Clark was campaigning in Dawson Creek and Fort St. John, in the province's northeast, a landscape dotted with a burgeoning natural gas industry that forms the backbone of Clark's economic plan for the province.
"LNG is the industry that will make British Columbia debt-free" Clark said after a tour of a water reclamation plant that takes sewage and purifies it for use in fracking.
The average family income in Dawson Creek is $74,000, Clark said, noting "natural gas will provide jobs for British Columbia and not just any jobs — high-paying jobs."
Clark has said the export of LNG is worth $1 trillion in economic growth over 30 years. The product will fetch five times more overseas than it will in North America.
The Liberals' BC Jobs Plan says the government would like to have the province's first LNG plant in operation by 2015. The Liberals have committed to having three facilities operating by 2020 but there are now at least a half-dozen proposals at various stages in B.C.
Clark has reiterated during her campaign her pledge to use the revenues from LNG to establish a Prosperity Fund to pay down the provincial debt in 15 years.
The Liberals are badly trailing the NDP in opinion polls. Clark has continually tried to suggest that a "tax-and-spend" NDP government would cost the province jobs and she said Thursday an NDP government would mean the death of the opportunity LNG could provide.
At a rally in Fort St. John, Clark told supporters the NDP want to put a moratorium on fracking. The party's proposal for a new natural gas tax would "threaten this industry at the worst possible time."
"We have a party (the NDP) that doesn't believe in natural gas," Clark said. "They want to put a moratorium on even getting it out of the ground."
Clark was basing her statement on a comment by NDP energy critic John Horgan, who was asked by The Province newspaper last fall whether the party would consider following Quebec's lead and imposing a moratorium on fracking.
Horgan responded: "I wouldn't rule it out if the evidence is we need to do that (a moratorium)." He went on to say: "But I haven't seen that evidence yet, and that's why we need to have a scientific assessment."
Horgan said Thursday his party would review LNG plans, but he denied the NDP was opposed to the industry.

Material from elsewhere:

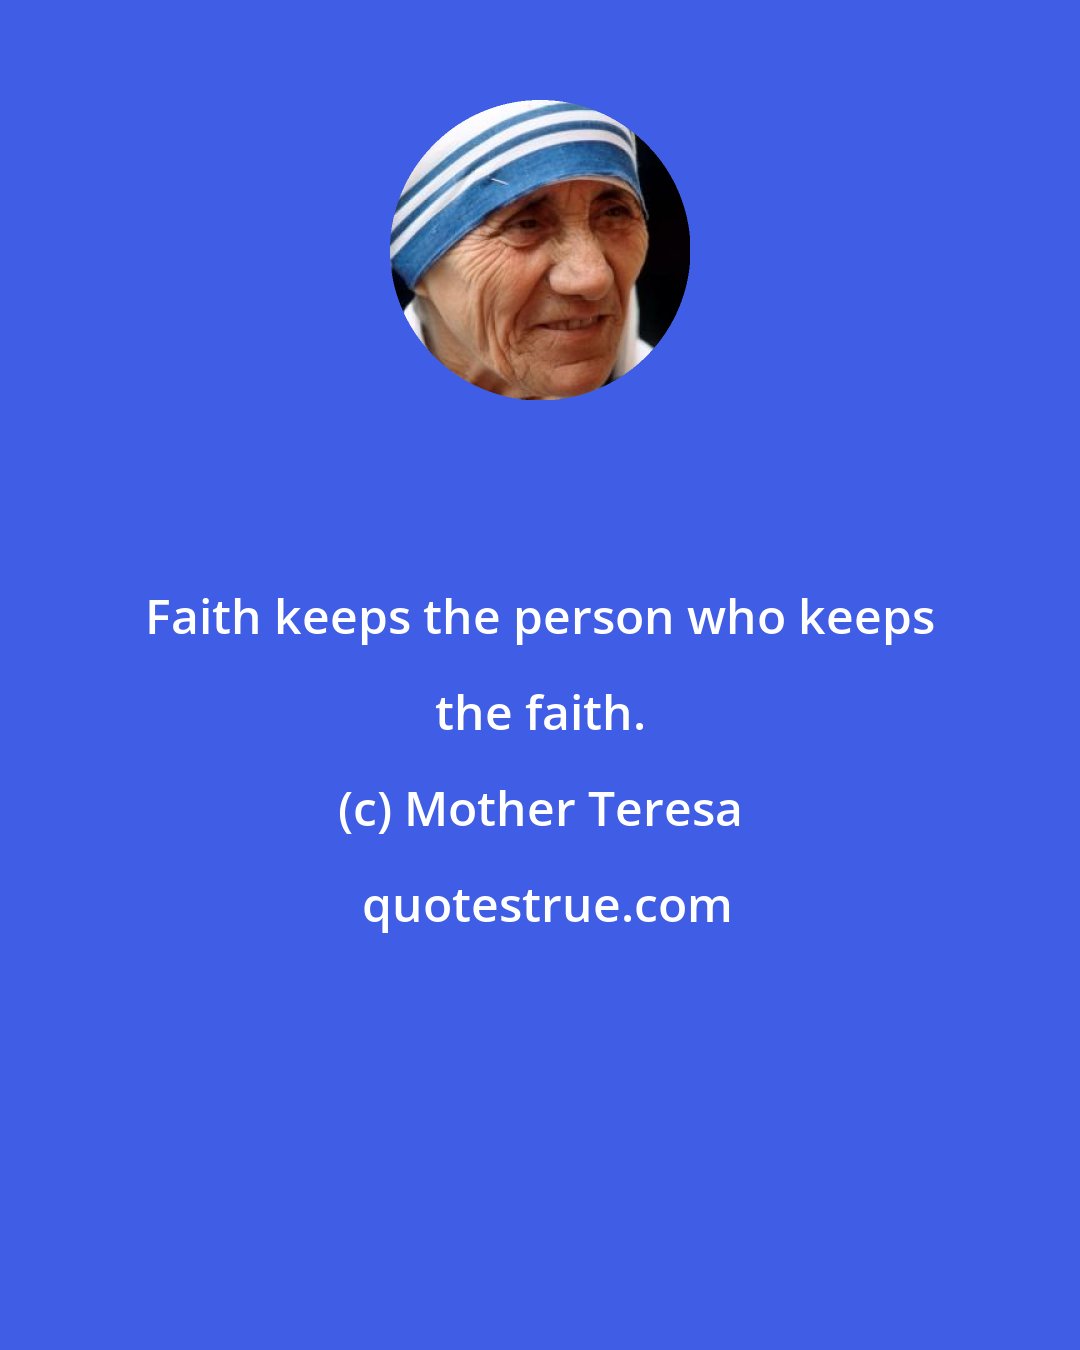 Mother Teresa: Faith keeps the person who keeps the faith.

"Our objective is not to constrain," he said in an interview. "Timing is certainly of the essence, but haste is often followed by failure. But we're not holding up developments. Full speed ahead. We are going to conduct a review as the industry carries on."
The New Democrat platform released last week said an NDP government would expand the province's carbon tax to include vented emissions from oil and gas operations.
NDP finance critic Bruce Ralston said at the time that the expansion would spur industry innovation and capture an additional five per cent of carbon emissions in the province. The New Democrats said the expansion, effective next April, would add $35 million to provincial coffers the first year and $100 million by 2016-17.
Brian Lieverse, a spokesman for EnCana, said there are about 20 natural gas compression facilities of various companies in the Peace region. He didn't criticize the NDP plan but suggested the investment potential in B.C. is volatile.
"It's a competitive industry so if the economics change... it will be reviewed as to how we go forward."
Taxes would "change the economics but to what extent we don't know yet."
Liberal candidate and two-term Dawson Creek mayor Mike Bernier said there are some people opposed to LNG expansion but the industry is safe and ever improving.
"We have zero unemployment because of this industry. We have some of the highest-paying jobs in the province in this area because of this industry. "
The Liberal plans for B.C.'s lucrative LNG future do not address some of the potential pitfalls.
Some environmental groups such as the Dogwood Initiative oppose the increase in tanker traffic off the B.C. coast from shipping LNG overseas. Others, such as the David Suzuki Foundation, are concerned about the process for extracting tight or shale gas from the ground. So-called "fracking" uses water, sand, and chemicals injected into the ground at high pressure to break up the underlying rock and release gas.
The process can cause earthquakes — minor quakes, according to the B.C. Oil and Gas Commission — and results in toxic wastewater that they fear can contaminate drinking water.
Encana facilities near Dawson Creek were the target of a series of unsolved pipeline bombings in northeastern B.C. that began in the fall of 2008. Someone purporting to be the bomber sent a letter to local news media calling Encana and other companies terrorists and demanding a stop to the "crazy expansion of deadly gas wells."
Asked about the environmental concerns, Clark said B.C. natural gas exports will help reduce greenhouse gas emissions around the world.
"The thing about liquefied natural gas is it's the cleanest fossil fuel on the planet, and so when we start exporting that to Asia we are going to be displace dirty fuels that they are using in those countries," she said.
Note to readers: This is a corrected story. An earlier version said 30 trillion.